Scaling laws for large language models depend critically on the optimizer and parameterization. Existing hyperparameter transfer laws are mainly developed for first-order optimizers, and they do not structurally prevent training instability at scale. Recent hypersphere optimization methods constrain weight matrices to a fixed-norm hypersphere, offering a promising alternative for more stable scaling. We introduce HyperP (Hypersphere Parameterization), the first framework for transferring optimal learning rates across model width, depth, training tokens, and Mixture-of-Experts (MoE) granularity under the Frobenius-sphere constraint with the Muon optimizer.

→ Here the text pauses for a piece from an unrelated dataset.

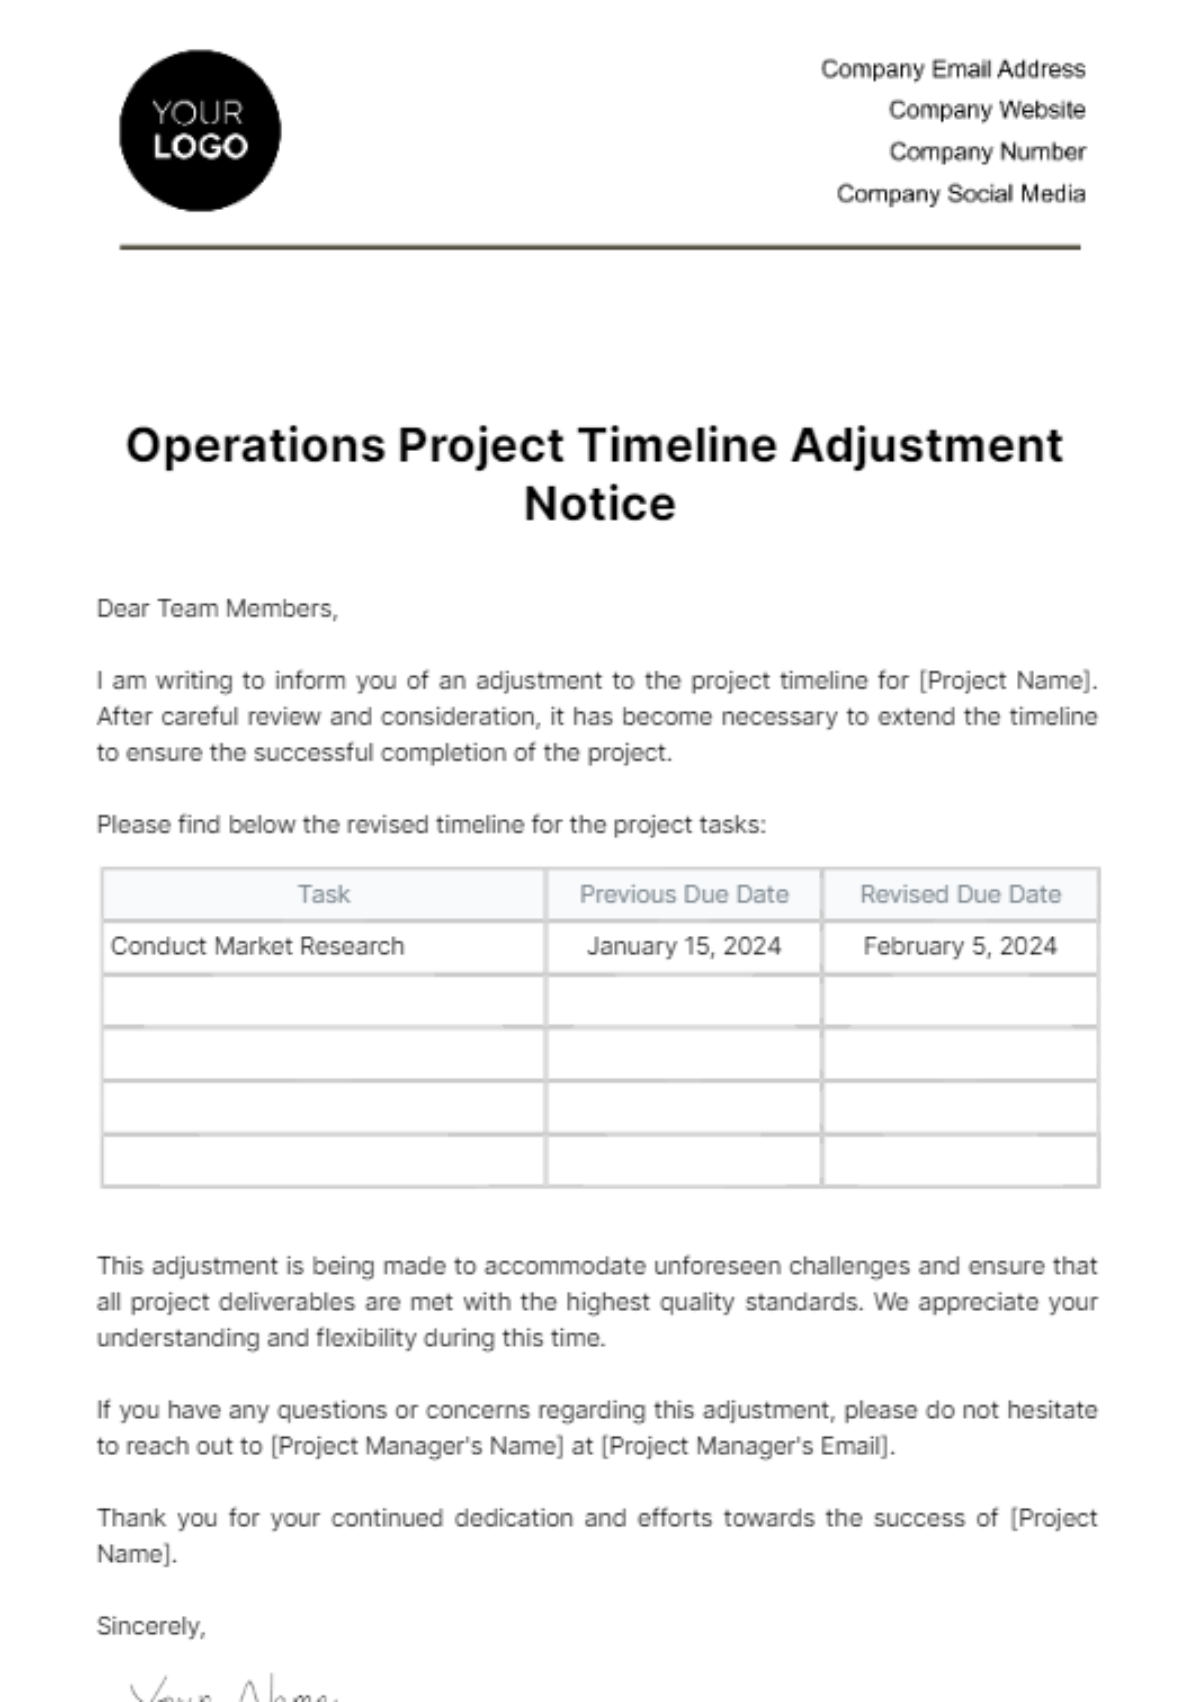 Operations Project Timeline Adjustment Notice Template

We prove that weight decay is a first-order no-op on the Frobenius sphere, show that Depth-$μ$P remains necessary, and find that the optimal learning rate follows the same data-scaling power law with the "magic exponent" 0.32 previously observed for AdamW. A single base learning rate tuned at the smallest scale transfers across all compute budgets under HyperP, yielding $1.58\times$ compute efficiency over a strong Muon baseline at $6\times10^{21}$ FLOPs. Moreover, HyperP delivers transferable stability: all monitored instability indicators, including $Z$-values, output RMS, and activation outliers, remain bounded and non-increasing under training FLOPs scaling. We also propose SqrtGate, an MoE gating mechanism derived from the hypersphere constraint that preserves output RMS across MoE granularities for improved granularity scaling, and show that hypersphere optimization enables substantially larger auxiliary load-balancing weights, yielding both strong performance and good expert balance. We release our training codebase at https://github.com/microsoft/ArchScale.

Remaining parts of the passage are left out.